When the Israelites were wandering in the desert, G-d fed them with a hitherto unknown substance called “manna.” The people would go out of their tents every morning, and find this strange stuff lying there on the ground. G-d tells the Israelites: “I fed you manna — something that you nor your fathers knew what it was — so that you should know that not by bread alone does a person live, but by all that comes from the mouth of G-d.”
Why did it have to be something unfamiliar? What would have happened if the Israelites would have woken up in the morning and found bagels all over the place? Imagine being in the middle of the Sinai desert, and every morning appear these bagels, sliced in the middle, with two centimeters of cream cheese and lox. Now that would be a Jewish experience!
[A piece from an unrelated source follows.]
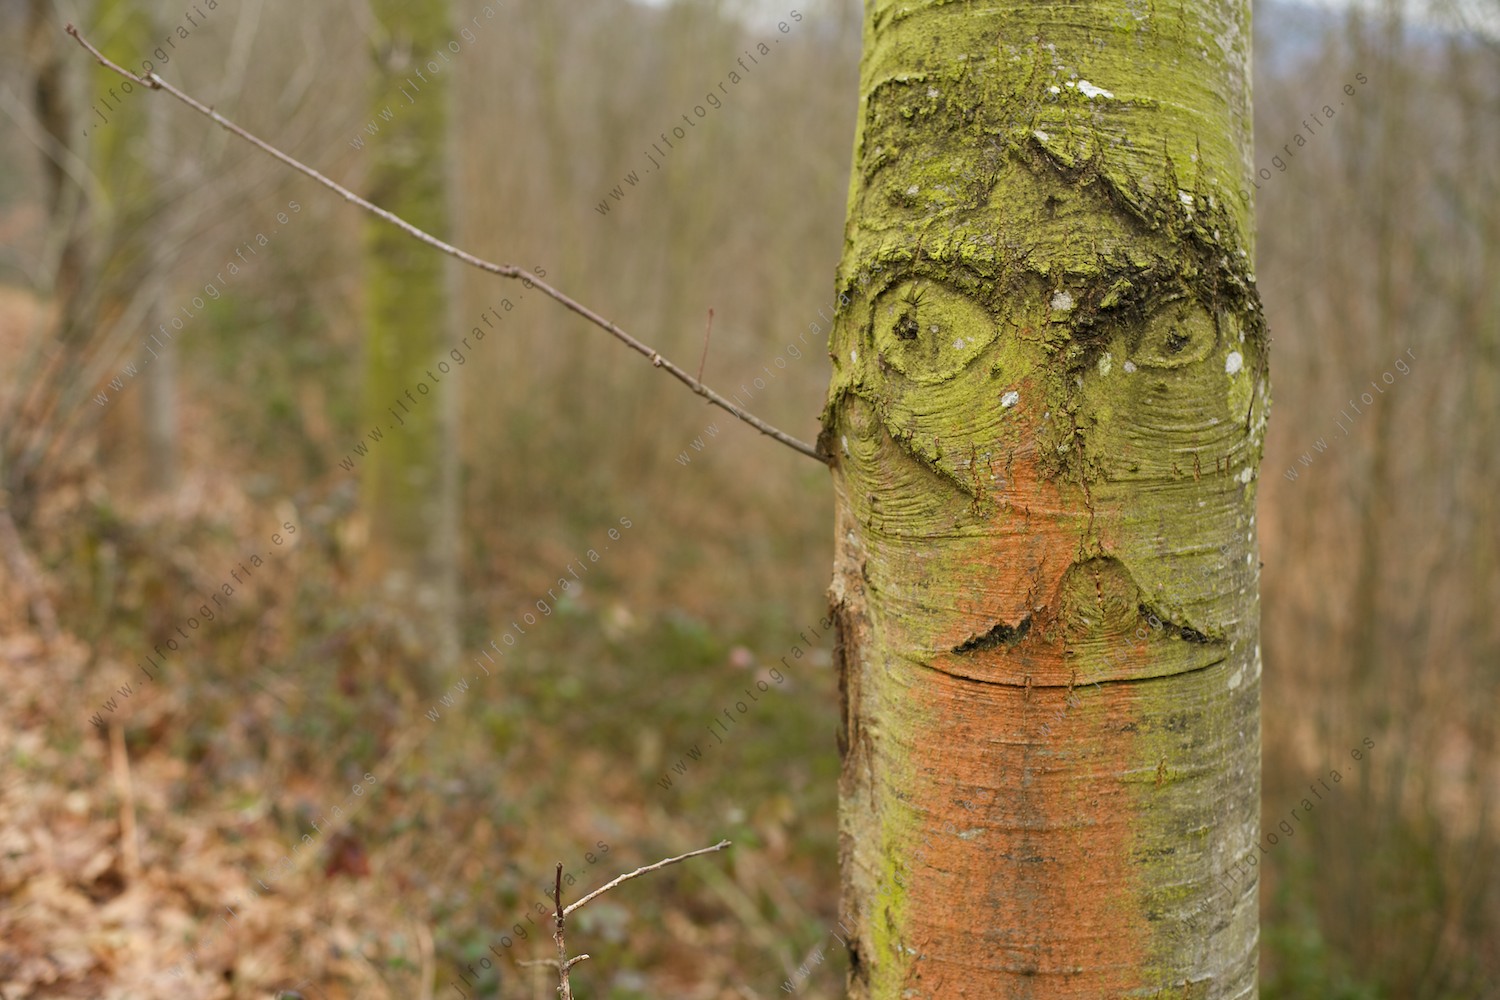 Un tronco con unas curiosas formaciones que le hacen parecer una cara.

Why did it have to be something that didn’t look like food?
Because if the manna did look like food the Israelites would think, “Well, okay, the bagels did come from G-d, the Bagel King, but the nourishment comes from the bagels.” However, since the manna obviously could not be nourishing in and of itself, the Israelites would necessarily learn an essential life lesson — all things come from G-d, not just food, but the nourishment in the food. If G-d had wanted pens to be nourishing they would have been.
It’s not on bread alone that man lives but by that which comes from the mouth of G-d. G-d determines what is a vehicle for life force and blessing. The Israelites realized that this odd, gray stuff was not going to nourish them. G-d was going to nourish them. The manna was just a vehicle for the nourishing love of G-d. And then they realized that back in Egypt, when they had bread to eat, it was not the bread that nourished them. It was also G-d. It’s hard to recognize G-d as the source of the sustaining energy in bread, because we think of bread, or any food we are used to, as inherently sustaining. I know the bread nourishes me; I know the apple nourishes me. But what’s this white, powdery, amorphous stuff called manna? Is that really going to sustain me? Obviously not. It must be G-d who is going to sustain me through this stuff. This lesson is true forever.
To the extent that I realize that this bread is only a channel for the nourishing energy of G-d to enter the world, to that extent the bread becomes a channel for the nourishing energy of G-d to enter the world.
This is why Judaism teaches that we must recite a blessing before we eat. When we say a blessing over a food, I begin with, “Blessed are You, G-d…” Many people mistakenly think that these words mean that we are blessing G-d, the Infinite One. But we are in fact acknowledging G-d as the Source of this food. When we eat an apple, we can just eat an apple, or we can, by saying the blessing consciously, make the apple into a conductor-wire for channeling G-d’s presence, love, vitality, goodness, and blessing. An apple can be a nutritious snack, or it can plug me into the Source of all life force and nutrition.
The Kabbalah teaches that if we eat without reciting a blessing, then the food feeds just our body. It does nothing for our soul. But when we make a blessing on the food, we transform that food. It’s not the same bread. It’s not the same apple. It’s not the same pretzel. This pretzel is now a vehicle for the life giving force of G-d to enter the world.
What’s the difference between a home-cooked meal and a frozen dinner? It’s the love and care that you can actually taste in the food. Even if it says on the package “Mom’s Home-made Frozen Dinner,” you can taste in the food that “Mom” is just a company that wants to make money. But the real mom makes you dinner for free because she loves you and cares. And you can taste the difference.
In order to taste the divine love and care in all food, we need to arouse the taste buds of our soul and acknowledge G-d as the loving source of all by making a blessing before we eat.